_Activity_
Make an exact copy of the entries that come next.

### Dataset records

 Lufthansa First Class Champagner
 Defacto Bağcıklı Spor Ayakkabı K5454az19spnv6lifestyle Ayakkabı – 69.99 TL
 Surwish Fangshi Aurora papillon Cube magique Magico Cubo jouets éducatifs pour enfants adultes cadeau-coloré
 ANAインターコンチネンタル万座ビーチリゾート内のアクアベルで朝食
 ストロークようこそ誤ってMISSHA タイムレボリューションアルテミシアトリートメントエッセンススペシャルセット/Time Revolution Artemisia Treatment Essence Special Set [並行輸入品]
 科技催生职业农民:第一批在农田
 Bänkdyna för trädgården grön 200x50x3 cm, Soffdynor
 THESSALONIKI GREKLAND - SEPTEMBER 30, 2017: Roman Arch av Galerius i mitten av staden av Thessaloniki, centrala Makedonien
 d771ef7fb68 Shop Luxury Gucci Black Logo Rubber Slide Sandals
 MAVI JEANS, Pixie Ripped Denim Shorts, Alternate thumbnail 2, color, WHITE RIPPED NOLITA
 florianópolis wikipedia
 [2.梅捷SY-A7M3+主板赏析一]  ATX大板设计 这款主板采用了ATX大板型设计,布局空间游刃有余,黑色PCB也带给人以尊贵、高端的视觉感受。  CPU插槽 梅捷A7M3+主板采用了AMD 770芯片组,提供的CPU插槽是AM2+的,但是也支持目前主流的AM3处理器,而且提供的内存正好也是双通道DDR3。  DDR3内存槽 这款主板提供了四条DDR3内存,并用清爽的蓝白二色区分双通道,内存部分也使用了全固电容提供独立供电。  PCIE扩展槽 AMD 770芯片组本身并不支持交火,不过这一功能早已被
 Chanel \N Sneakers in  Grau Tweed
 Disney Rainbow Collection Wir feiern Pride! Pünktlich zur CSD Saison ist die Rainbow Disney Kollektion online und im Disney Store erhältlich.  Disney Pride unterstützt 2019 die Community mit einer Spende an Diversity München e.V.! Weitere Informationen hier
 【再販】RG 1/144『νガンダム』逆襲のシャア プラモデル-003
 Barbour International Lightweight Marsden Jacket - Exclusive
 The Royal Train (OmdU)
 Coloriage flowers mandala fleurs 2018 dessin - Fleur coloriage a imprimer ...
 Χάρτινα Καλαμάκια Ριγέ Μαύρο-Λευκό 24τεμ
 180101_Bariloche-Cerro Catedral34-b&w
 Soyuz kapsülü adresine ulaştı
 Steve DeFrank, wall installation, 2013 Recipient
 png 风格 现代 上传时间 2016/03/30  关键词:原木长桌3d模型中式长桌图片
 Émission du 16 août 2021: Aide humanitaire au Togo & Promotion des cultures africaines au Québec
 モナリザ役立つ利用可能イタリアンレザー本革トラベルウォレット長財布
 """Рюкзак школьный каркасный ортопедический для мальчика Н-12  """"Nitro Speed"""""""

######

_Answer for the task_
 Lufthansa First Class Champagner
 Defacto Bağcıklı Spor Ayakkabı K5454az19spnv6lifestyle Ayakkabı – 69.99 TL
 Surwish Fangshi Aurora papillon Cube magique Magico Cubo jouets éducatifs pour enfants adultes cadeau-coloré
 ANAインターコンチネンタル万座ビーチリゾート内のアクアベルで朝食
 ストロークようこそ誤ってMISSHA タイムレボリューションアルテミシアトリートメントエッセンススペシャルセット/Time Revolution Artemisia Treatment Essence Special Set [並行輸入品]
 科技催生职业农民:第一批在农田
 Bänkdyna för trädgården grön 200x50x3 cm, Soffdynor
 THESSALONIKI GREKLAND - SEPTEMBER 30, 2017: Roman Arch av Galerius i mitten av staden av Thessaloniki, centrala Makedonien
 d771ef7fb68 Shop Luxury Gucci Black Logo Rubber Slide Sandals
 MAVI JEANS, Pixie Ripped Denim Shorts, Alternate thumbnail 2, color, WHITE RIPPED NOLITA
 florianópolis wikipedia
 [2.梅捷SY-A7M3+主板赏析一]  ATX大板设计 这款主板采用了ATX大板型设计,布局空间游刃有余,黑色PCB也带给人以尊贵、高端的视觉感受。  CPU插槽 梅捷A7M3+主板采用了AMD 770芯片组,提供的CPU插槽是AM2+的,但是也支持目前主流的AM3处理器,而且提供的内存正好也是双通道DDR3。  DDR3内存槽 这款主板提供了四条DDR3内存,并用清爽的蓝白二色区分双通道,内存部分也使用了全固电容提供独立供电。  PCIE扩展槽 AMD 770芯片组本身并不支持交火,不过这一功能早已被
 Chanel \N Sneakers in  Grau Tweed
 Disney Rainbow Collection Wir feiern Pride! Pünktlich zur CSD Saison ist die Rainbow Disney Kollektion online und im Disney Store erhältlich.  Disney Pride unterstützt 2019 die Community mit einer Spende an Diversity München e.V.! Weitere Informationen hier
 【再販】RG 1/144『νガンダム』逆襲のシャア プラモデル-003
 Barbour International Lightweight Marsden Jacket - Exclusive
 The Royal Train (OmdU)
 Coloriage flowers mandala fleurs 2018 dessin - Fleur coloriage a imprimer ...
 Χάρτινα Καλαμάκια Ριγέ Μαύρο-Λευκό 24τεμ
 180101_Bariloche-Cerro Catedral34-b&w
 Soyuz kapsülü adresine ulaştı
 Steve DeFrank, wall installation, 2013 Recipient
 png 风格 现代 上传时间 2016/03/30  关键词:原木长桌3d模型中式长桌图片
 Émission du 16 août 2021: Aide humanitaire au Togo & Promotion des cultures africaines au Québec
 モナリザ役立つ利用可能イタリアンレザー本革トラベルウォレット長財布
 """Рюкзак школьный каркасный ортопедический для мальчика Н-12  """"Nitro Speed"""""""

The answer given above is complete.